С виду – будто богатства немерено: стопки журналов, плакаты, какие-то папки… Но стоило проверить даты, как стало ясно: всё это старьё времён, когда Новоалтайск ещё только мечтал стать столицей провинциального просветления.
Полка под потолком выглядела так, будто ещё пара лет – и она сама попросит утилизации. Илья вздохнул.
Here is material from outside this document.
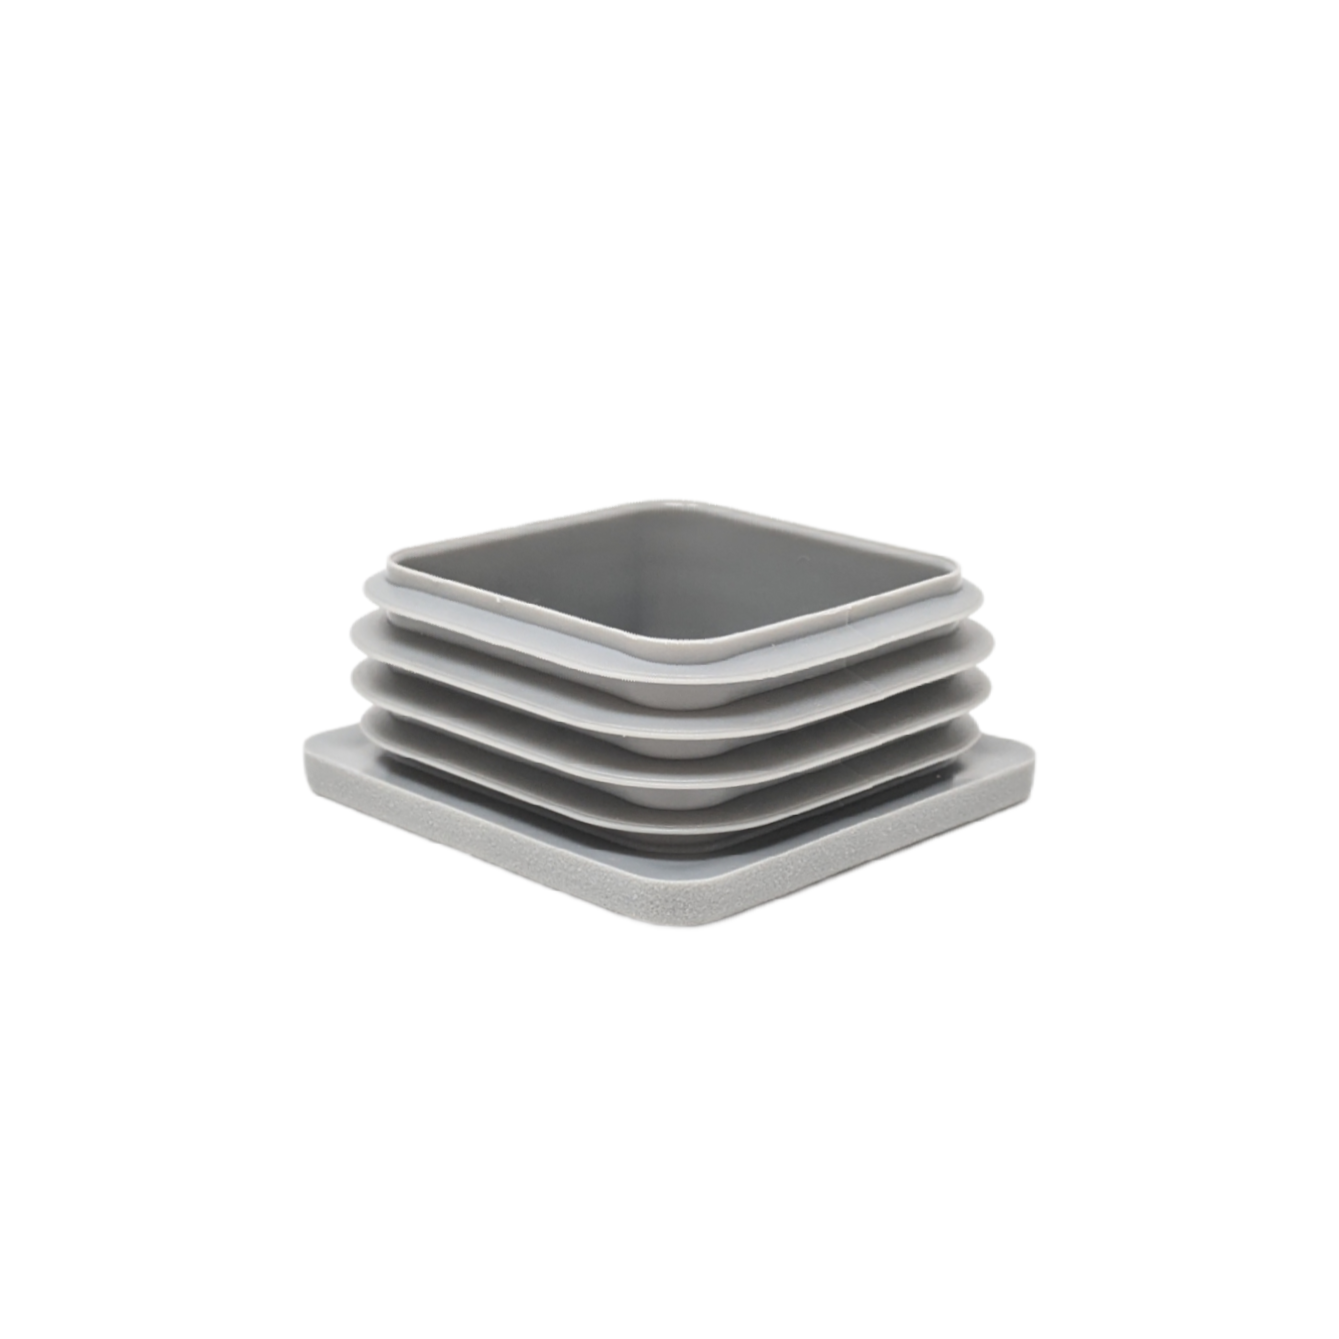 Square Tube Inserts 60mm x 60mm Grey | Made in Germany | Keay Vital Parts - Keay Vital Parts

Если он хочет выкачать из этого места хоть каплю смысла, придётся сначала разобрать весь этот археологический памятник человеческой запущенности.
Он засучил рукава, и дом наполнился звуками: "шурх", "бряк", "дзинь" – мусор летел в кучу под навесом, а пыль туманом поднималась в воздух, щекоча ноздри запахом старой бумаги и чего-то затхлого, будто этот дом годами копил чужие тайны и теперь вздыхал ими на свободу.
Угольный Босс тем временем сидел на крыше и строил глазки пролетающим воробьям. Каждые пять минут – "карр-ру?" – и попытка изобразить себя петухом-сердцеедом.
Часа через два дом стал выглядеть уже не как притон городского сумасшедшего, а всего лишь как жилище человека, который давно не любит уборку, но всё ещё старается производить впечатление.
– Эх, надо было сперва дождаться, пока Елена Тихая поправится, – пробурчал Илья. – Она бы тут всё вылизала за минут десять. Причём добровольно. Ну… почти.
Он рухнул на старый диван, который жалобно застонал под ним, как дедушка, которого разбудили слишком рано, и взял в руки несколько аккуратно сложенных находок.
"Весна в кампусе".
"Тринадцать чулок спутника Дзюпосле".
Илья молча поднял бровь.
Ещё одна пачка журналов – и стало окончательно ясно: Этот зрен не просто был скрягой, он был скрягой-романтиком сомнительных предпочтений. Логово отаку, причём с уклоном в "я не виноват, оно само подписалось".